Take for example, a dog. It may be sitting nearby or far away or standing in sunshine or shadow. Although each variation in the dog's position, pose or illumination produces a different pattern of light on the retina, we still recognize it as a dog.

One possible way to acquire this ability to recognize an object, despite these variations, is through a simple form of learning. Objects in the real world usually don't suddenly change their identity, so any two patterns appearing on the retina in rapid succession likely arise from the same object. Any difference between the two patterns probably means the object has changed its position rather than having been replaced by another object. So by simply learning to associate images that appear in rapid succession, the brain might learn to recognize objects even if viewed from different angles, distances, or lighting conditions.

To test this idea, called "temporal contiguity," graduate student Nuo Li and associate professor James DiCarlo at MIT's McGovern Institute for Brain Research "tricked" monkeys by exposing them to an altered visual world in which the normal rules of temporal contiguity did not apply. They recorded electrical activity from individual neurons in a region of the monkey brain called the inferior temporal cortex (IT), where object recognition is thought to happen. IT neurons respond selectively to particular objects; a neuron might, for example, fire more strongly in response to images of a Dalmatian than to pictures a rhinoceros, regardless of its size or position on the retina.

In the new study, which appears in the Sept. 23 issue of Neuron, monkeys observed an object on a computer screen as the object became larger or smaller, as though it were approaching or receding from view. But in some cases, the researchers replaced an object with another as it changed in size. For example, as a Dalmatian became larger on the screen, it suddenly transformed into a rhinoceros.

"We know that IT neurons are involved in object recognition, so our prediction was that these neurons would become confused," explains Li. "By exposing them to this artificial visual experience, we undermined the regularities that we hypothesized teach neurons to recognize the object at multiple sizes."

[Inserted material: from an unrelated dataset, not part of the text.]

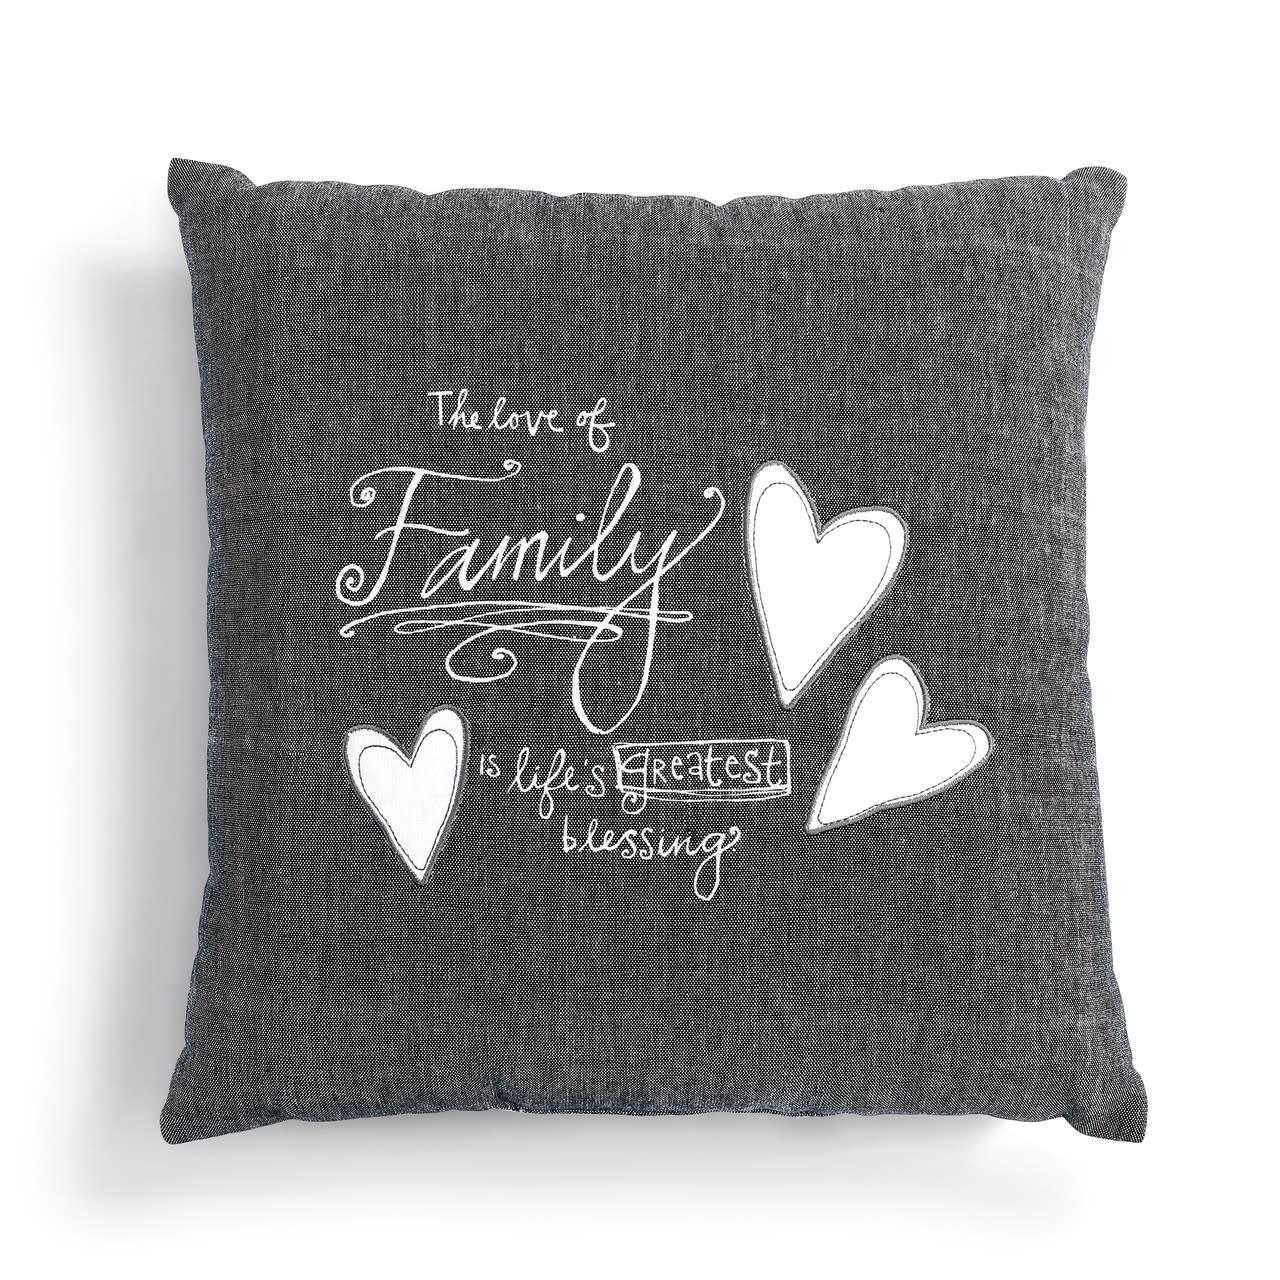 Lori Seibert Love of Family Pillow
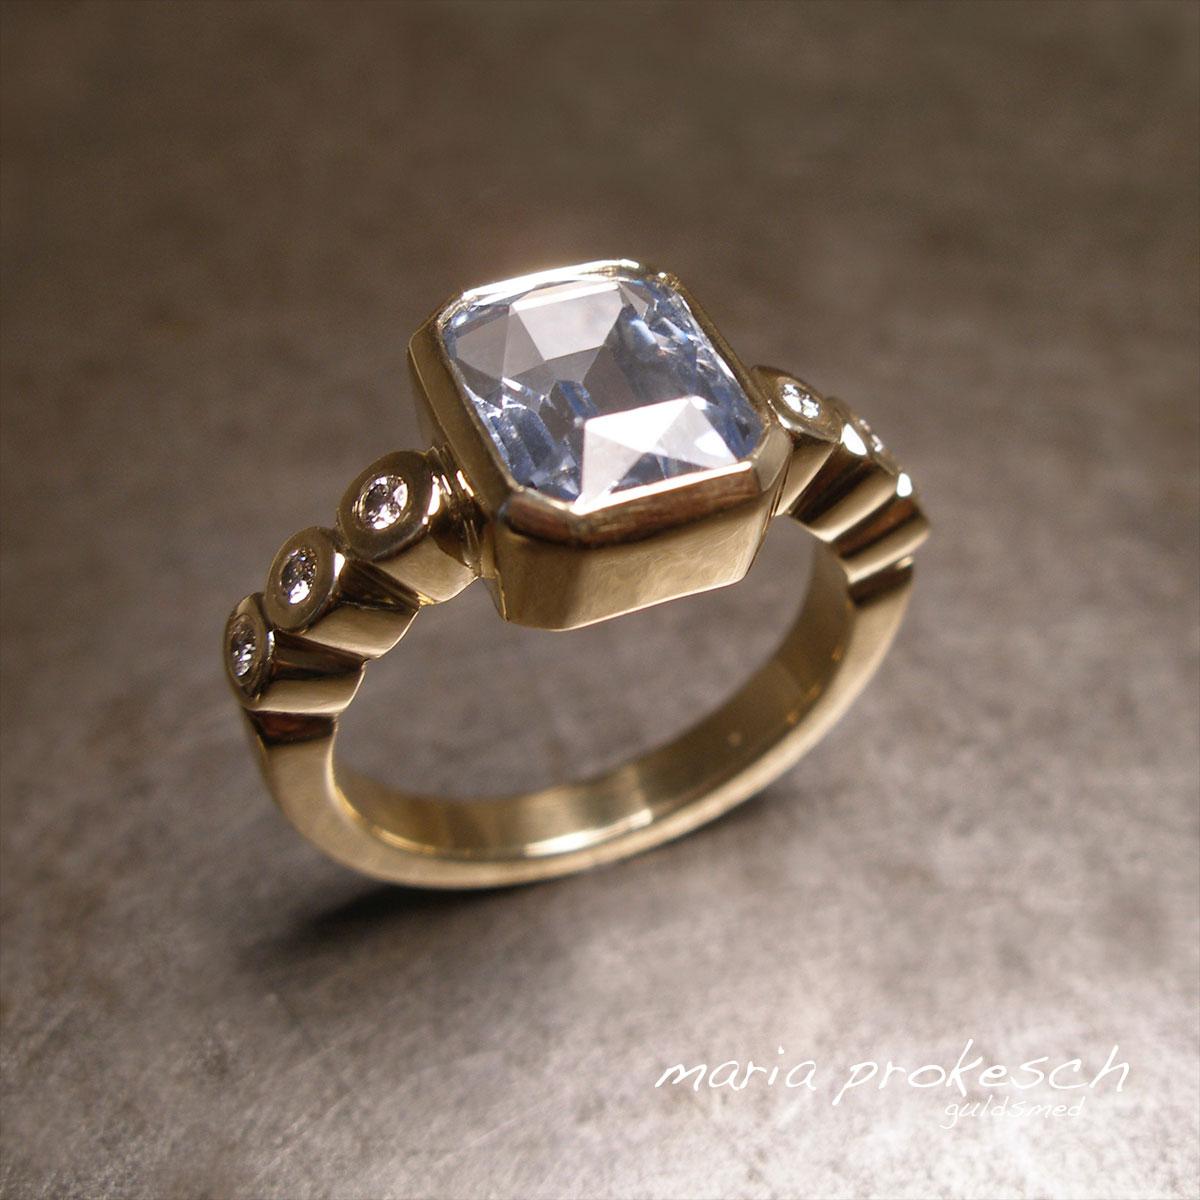 Guldring med topas i klassisk elegant design. Diamanter som pynt på siderne, alt håndlavet

After a few hours, each IT neuron did indeed become confused. For example, a neuron that preferred a dog over a rhino (regardless of size) began to lose this preference specifically among large dogs and large rhinos (the size at which the temporal contiguity rules had been broken by the researchers). In some cases, the object preferences even started to reverse, and the neuron would begin to prefer large rhinos over large dogs. In other words, the altered visual experience was not merely degrading existing patterns of selectivity but also creating new ones. The new results offered the strongest support yet for the "temporal contiguity" hypothesis of object representation.

"Our monkeys saw only a few hundred examples of these altered visual stimuli during the experiment," says DiCarlo. "If we extrapolate to a lifetime of visual experience, we think this effect is a major contributor to object constancy."

In earlier work, Li and DiCarlo had shown a similar effect when object identities were switched during eye movements. "But we couldn't tell whether that result was peculiar to eye movements -- for example, you don't need eye movements to observe a large image of a car changing into a small image of the same car," says DiCarlo. "Our new results strongly suggest that this is a general mechanism for learning about object identity across a wide range of real-world conditions."

The researchers did not measure the monkeys' behavior during the new study, so it is not known whether the monkeys themselves become confused by the altered visual experience. But similar effects have been seen in human studies, and it seems likely that the changing pattern of neural activity would lead to changes in perceptual judgments. DiCarlo and colleagues plan to test this in future studies.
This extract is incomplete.